Wednesday, 18 January 2012

Spider-goats and the Rise of Synthetic Biology

Spider-goats, synthetic neurobiology and bio-hacking - Adam Rutherford's recent synthetic biology documentary for the BBC's flagship science programme, Horizon, is an important compendium of cutting edge ideas. Equal parts fascinating and disturbing, the documentary, provocatively entitled Playing God, was an overview of how synthetic biologists are breaking down nature into spare parts, and rebuilding it however they please.

Rutherford began by introducing viewers to "spider-goats" - goats which have been cross-bred with spiders, so that they excrete spider-silk in their milk.

Spider-silk is among the strongest materials which occurs in nature, but it's practical use to science has been limited by the relatively tiny amounts that scientists can extract from spiders. Spiders are notoriously impossible to farm, due to their cannibalistic nature. So scientists at Utah State University have come up with an ingenious method of producing spider-silk in industrial quantities.

As Rutherford explains in an article for The Observer, Randy Lewis, a professor of genetics at Utah, took the gene that encodes silk from an orb-weaver spider, and placed it among the DNA that prompts milk production in the goats. This genetic circuit was then inserted in an egg and implanted into a mother goat. Now, when the goats lactate, their milk contains spider-silk protein. The practical use for large quantities of spider-silk are numerous, but Lewis is interested in it's medical potential. He notes, "we already know that we can produce spider silk that's good enough to be used in ligament repair. [....] We've done some studies that show that you can put it in the body and you don't get inflammation and get ill."

The documentary further probed the medical implications for this type of work by introducing Ron Weiss's work at MIT. Weiss's team are creating living programmable machines that seek and destroy only the cells that cause disease. Using BioBricks, they have built a "cancer assassin cell". It distinguishes a cancer cell from a healthy cell using a set of five criteria. It then destroys the tumour cell if it satisfied those conditions. As Rutherford notes, "this sniper targeting is the opposite of the blunderbuss approach of chemotherapy, which can destroy both tumour and healthy cells with reckless abandon."

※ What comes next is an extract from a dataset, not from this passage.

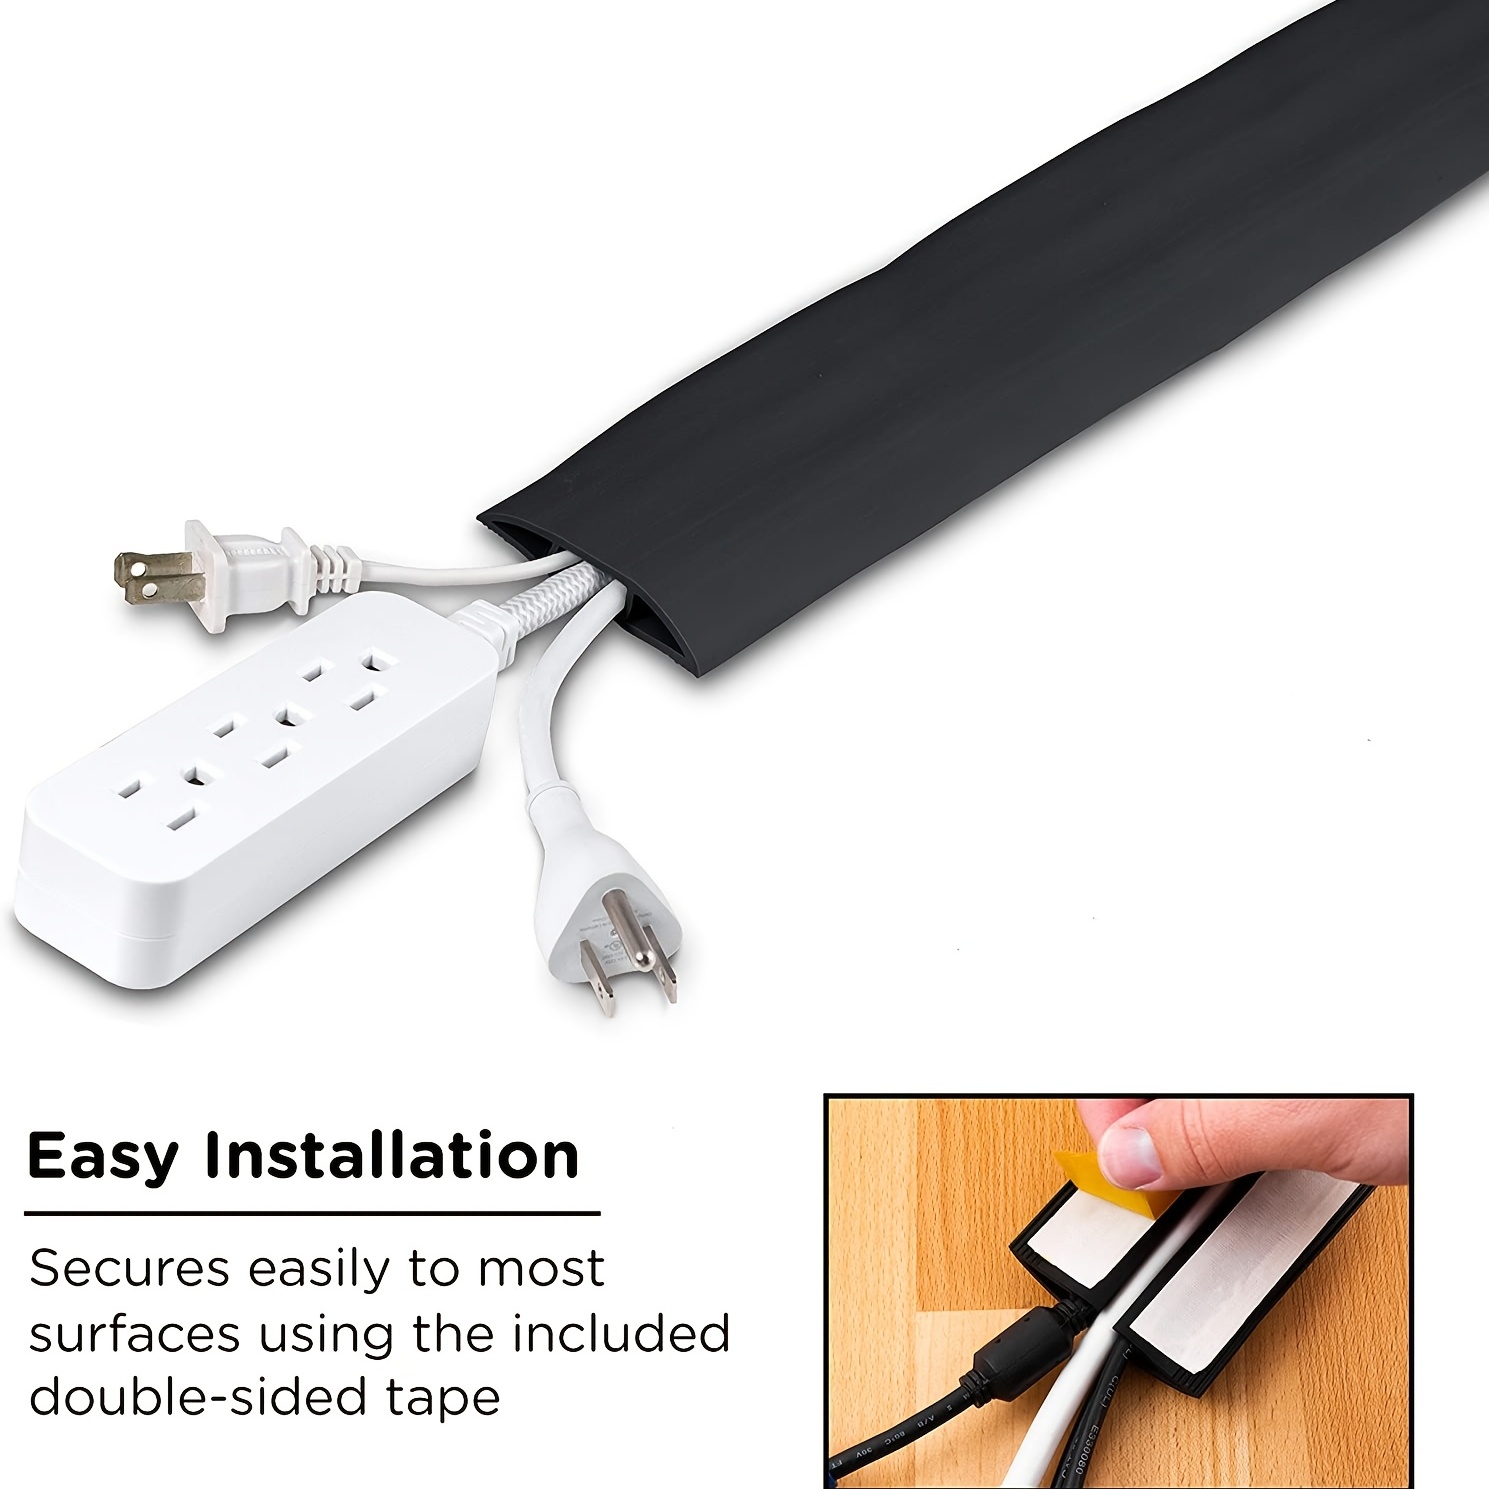 7ft Cord Cover Floor for Extension Cords, Floor Cable Cover Wire Cover to  Protect Cables & Prevent Tripping, Soft PVC Cord Hider Floor Cord  Protector

The documentary also probed how relatively simple it has become to experiment with synthetic biology, due to the popularisation of BioBricks and the emergence of biohacking and biology-hobbyists such as BioCurious. After visiting the BioCurious hobby space in the States, Rutherford comments: "there, high-school students were learning about biology by introducing fluorescent proteins from deep-sea jellyfish into bacteria to make them glow in the dark. In 2009, three scientists won Nobel prizes for this work. Already, it is literally child's play."

The documentary analyses industrial applications of synthetic biology, such as the development of synthetic biodiesel. Biotech companies Amyris have modified brewer's yeast so that instead of fermenting sugar to produce alcohol, diesel seeps out of every cell. The biodiesel is already in use.

Rutherford takes a balanced approach to the field, giving watchdog and campaign group, ETC, an opportunity to point of the risks of producing synethetic organisms on an industrial scale.. Their stance on synthetic biology can be found here.

This fascinating documentary and the companion article in The Observer, which documents the main narrative, is an excellent primer to an incredibly fast-moving field.